De fiscus beslist in het concrete geval in samenspraak met het OCMW over te gaan tot beslag op de inkomsten. Indien in dergelijke gevallen een onderhoudsuitkering wordt toegekend aan de oudere om het saldo te dekken ­ vermits de persoon in kwestie niet over voldoende middelen beschikt om de lasten te dragen ­ wordt die uitkering opgenomen in de belastbare basis en zal de oudere dus effectief bijkomend belast worden.

Navraag bij OCMW's leert dat deze belasting vaak wordt gerecupereerd door de fiscus via beslag op pensioenen en niet door het OCMW wordt ten laste genomen. Er bestaat voor het OCMW geen wettelijke verplichting om dat te doen.

Vaak zal dit ten koste gaan van bijvoorbeeld het zakgeld van de oudere. In dit verband willen de indieners trouwens wijzen op de noodzaak van een all-in prijs voor de opname van ouderen.

Volgens de indieners kan een bijkomende correctie worden aangebracht op de belastbaarheid van de onderhoudsgelden toegekend aan bloedverwanten in opgaande lijn. Het lijkt niet langer te verantwoorden de onderhoudsgelden toegekend aan ouderen met een modaal pensioen te belasten.

Huidige wettelijke regeling

Artikel 205 van het Burgerlijk Wetboek bepaalt dat de kinderen levensonderhoud verschuldigd zijn aan hun ouders en hun andere bloedverwanten in opgaande lijn die behoeftig zijn.

Onder bepaalde voorwaarden zijn deze onderhoudsgelden uitgekeerd aan bloedverwanten in opgaande lijn :

­ aftrekbaar in hoofde van de onderhoudsplichtige (artikel 104, 1º en 2º, WIB 1992);

­ belastbaar in hoofde van de begunstigde (artikel 90, 3º en 4º, en artikel 99 van WIB 1992).

Zowel de aftrekbaarheid als de belastbaarheid gelden ten belope van 80 % van het bedrag.

Voorgestelde wijziging

De indieners stellen voor de belastbaarheid van de onderhoudsuitkeringen in hoofde van de ouderen op te heffen.

Behoeftige bejaarden, vaak met een modaal pensioen maar met belangrijke financiële noden, zullen hierdoor niet belast worden voor de gelden die ze van hun kinderen of kleinkinderen ontvangen voor hun eigen onderhoud.

De verschillende behandeling van de onderhoudsgelden toegekend aan bloedverwanten in opgaande lijn is gebaseerd op een objectief criterium en is ingegeven door de vaststelling dat in de realiteit de kosten voor de ouderen erg hoog oplopen ­ ook voor de gemiddelde pensioenen ­ terwijl de belasting op de toegekende onderhoudsgelden in de praktijk wel degelijk wordt geïnd bij de ouderen zelf.

Artikelsgewijze toelichting

Artikel 2

Artikel 90 WIB 1992 bepaalt de diverse inkomsten die belast worden. De gelden betaald voor het onderhoud van bloedverwanten in opgaande lijn die behoeftig zijn, worden voor 80 % van het uitgekeerde bedrag in aanmerking genomen.

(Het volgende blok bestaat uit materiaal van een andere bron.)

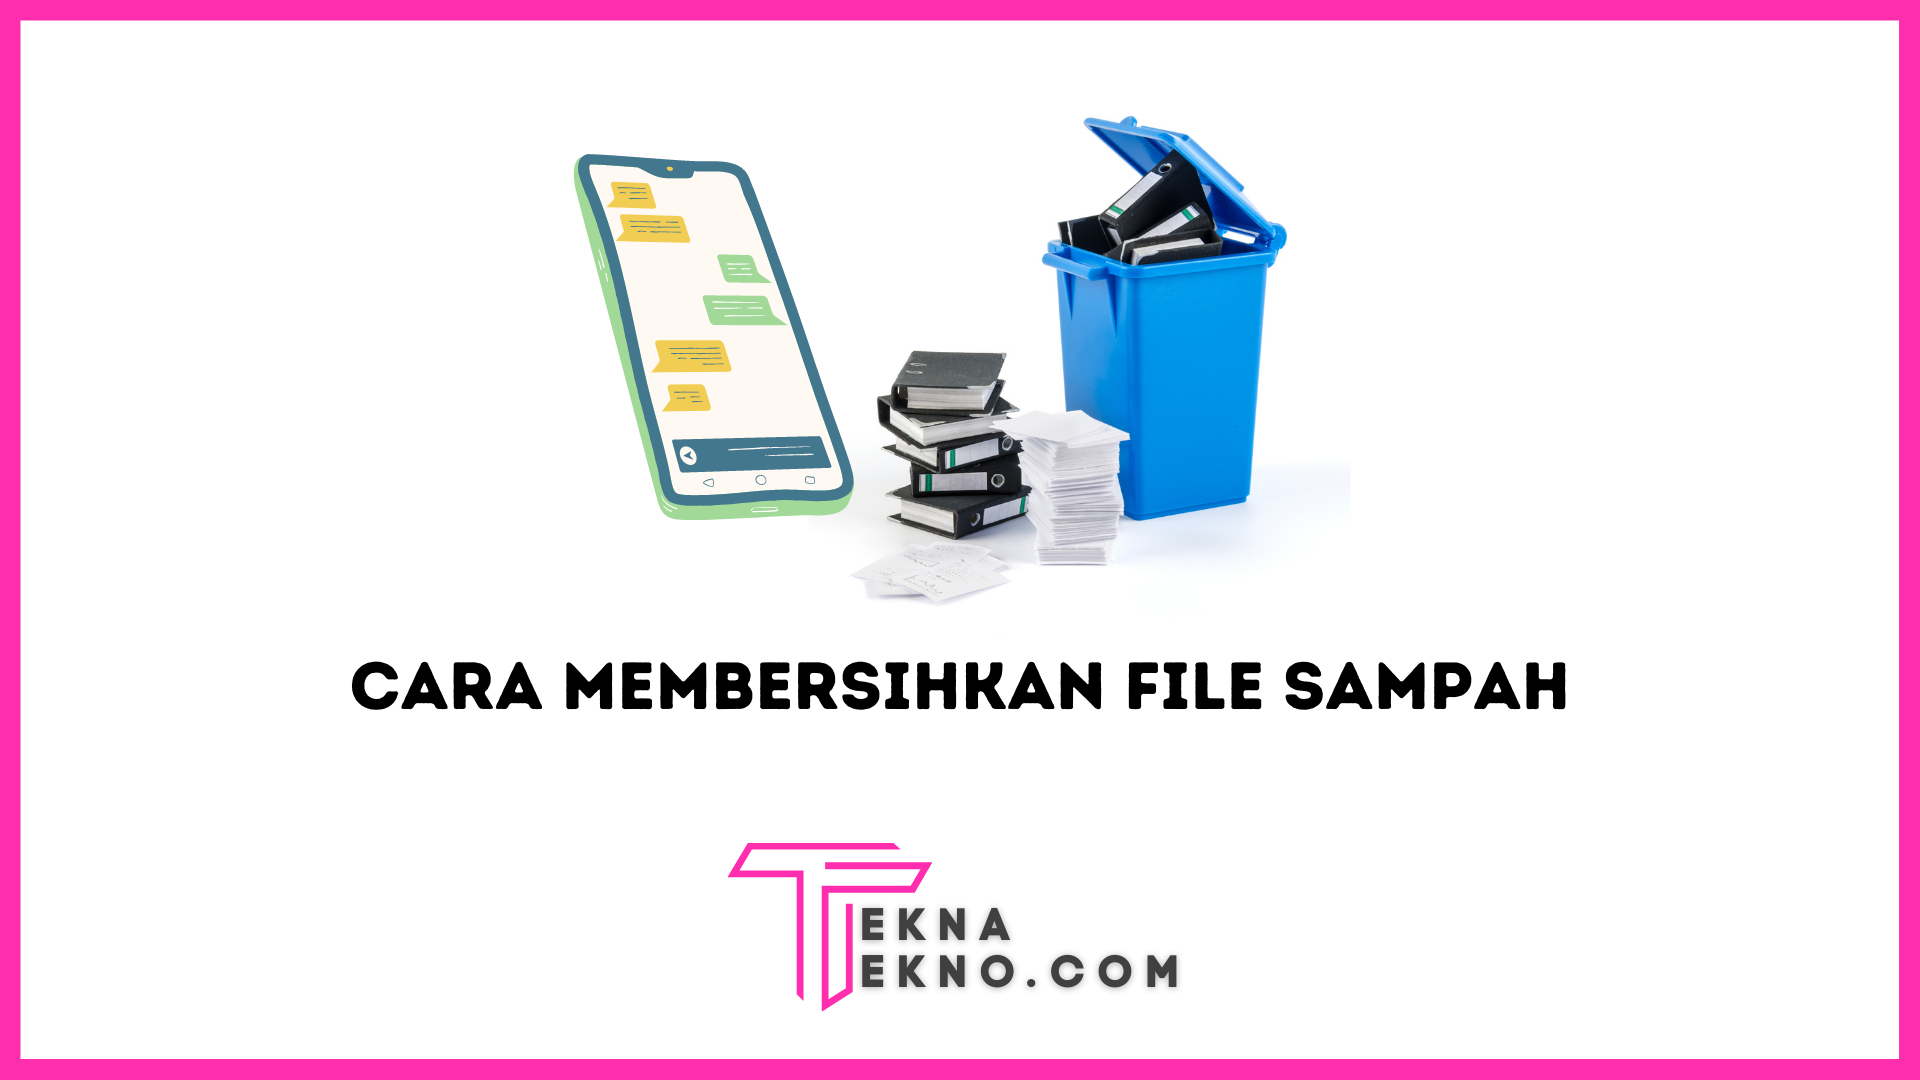 3 Cara Membersihkan File Sampah di Android dengan Mudah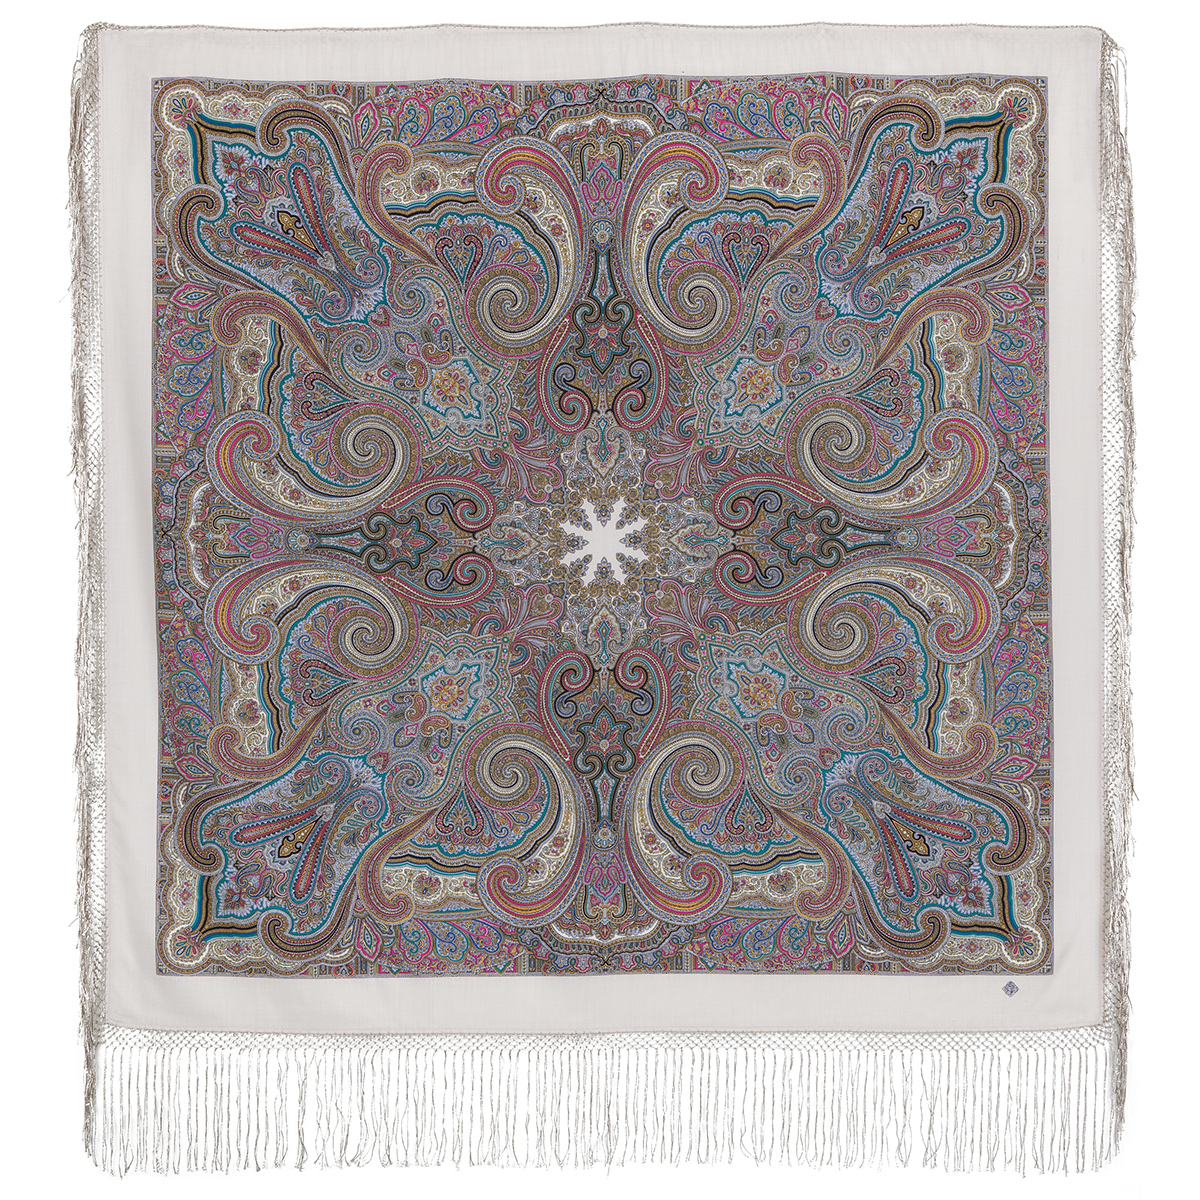 Платок женский Павловопосадский платок 1292 белый/коричневый, 148х148 см

De verwijzing naar artikel 205 van het Burgerlijk Wetboek verdwijnt waardoor de inkomsten uit de onderhoudsplicht ten aanzien van bloedverwanten in opgaande lijn niet langer tot de belastbare basis behoren.

Jacques D'HOOGHE.

WETSVOORSTEL


Artikel 1

Deze wet regelt een aangelegenheid als bedoeld in artikel 78 van de Grondwet.

Art. 2

In artikel 90, 3º, van het Wetboek van de inkomstenbelastingen 1992 wordt het cijfer « 205 » geschrapt.

21 mei 2002.

Jacques D'HOOGHE.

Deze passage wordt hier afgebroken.